Варя встала и вышла из кабинета.

Викторов снял телефонную трубку и соединился с заставой. В канцелярии заставы находился Шарипов.

- Так как же, Александр? - спросил его в конце разговора секретарь райкома. - Это, брат, приехала такая бригадирша, что, честное слово, сам бы женился... Привезла целый чемодан колосьев, будет крестьянам показывать. Я думаю, что надо устроить ее в Гусарском. А Сороке дайте отпуск. Пусть встретятся, поговорят. И вообще поинтересуйтесь, чем он ее разобидел. А устроиться, думаю, можно у Франчишки и Осипа. Люди они хорошие...

Вызвав машину, Сергей Иванович поехал с Варей в Гусарское. Варю поместили у Франчишки Игнатьевны. Та приняла гостью с радостью и, как обычно, начала суетиться и хлопотать. Притащив жиденький, с тонкими стеблями сноп ржаной соломы, стала разжигать печь.
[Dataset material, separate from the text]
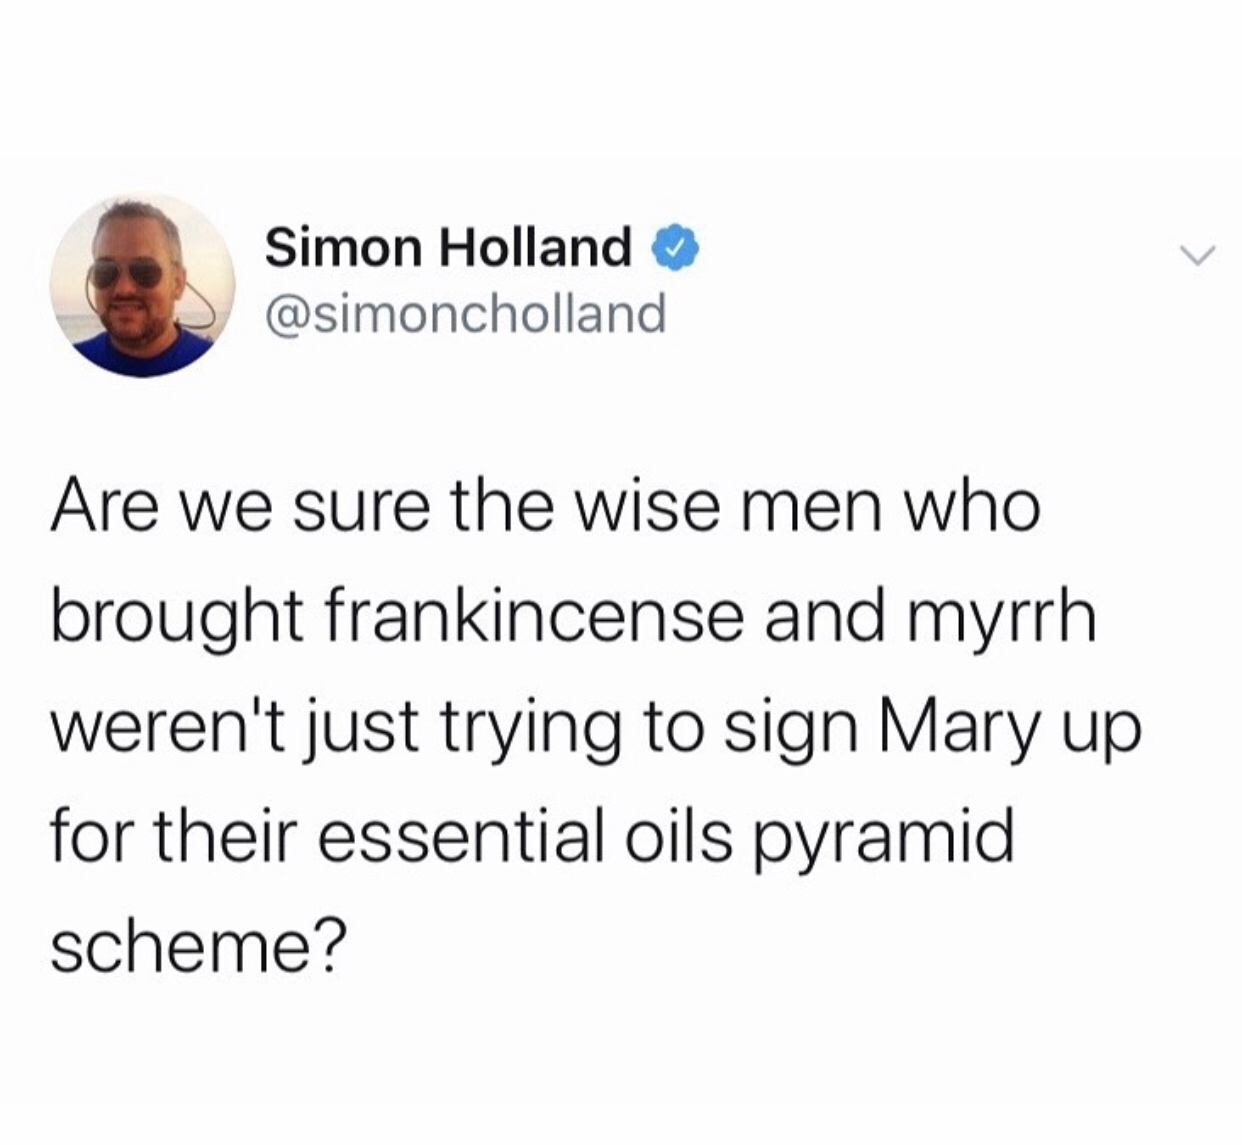 paint wings meme - Simon Holland Are we sure the wise men who brought frankincense and myrrh weren't just trying to sign Mary up for their essential oils pyramid scheme?

Варя знала от Викторова, что колхоза в селе нет и народ здесь живет всяк по-своему. Заговорив с хозяйкой, Варя спросила ее об урожае, хотя уже по соломе определила, что рожь была слабенькая.

- Нынче еще добрый был урожай, - ответила Франчишка, - а вот те годы, при панской власти, нечего было жать.

- Почему же плохо хлеб родился? - спросила Варя.

- А где было взять навозу, коли нет скотины? В этом году есть корова, и тот человек, что тебя привез, какой-то штуки дал, на собрании объяснил, как нужно землю этим порошком посыпать. Вот хлеб лучше и уродился. При панах мы про это и не знали.

- Про удобрения не знали? - поднимаясь со скамьи, спросила Варя. Открыв чемодан, она положила на стол пучок колосьев. Ей не терпелось показать свою пшеницу. - А вот такую пшеницу видели, тетя?

Варя потрясла перед обомлевшей Франчишкой Игнатьевной тяжелыми золотистыми колосьями кубанской пшеницы.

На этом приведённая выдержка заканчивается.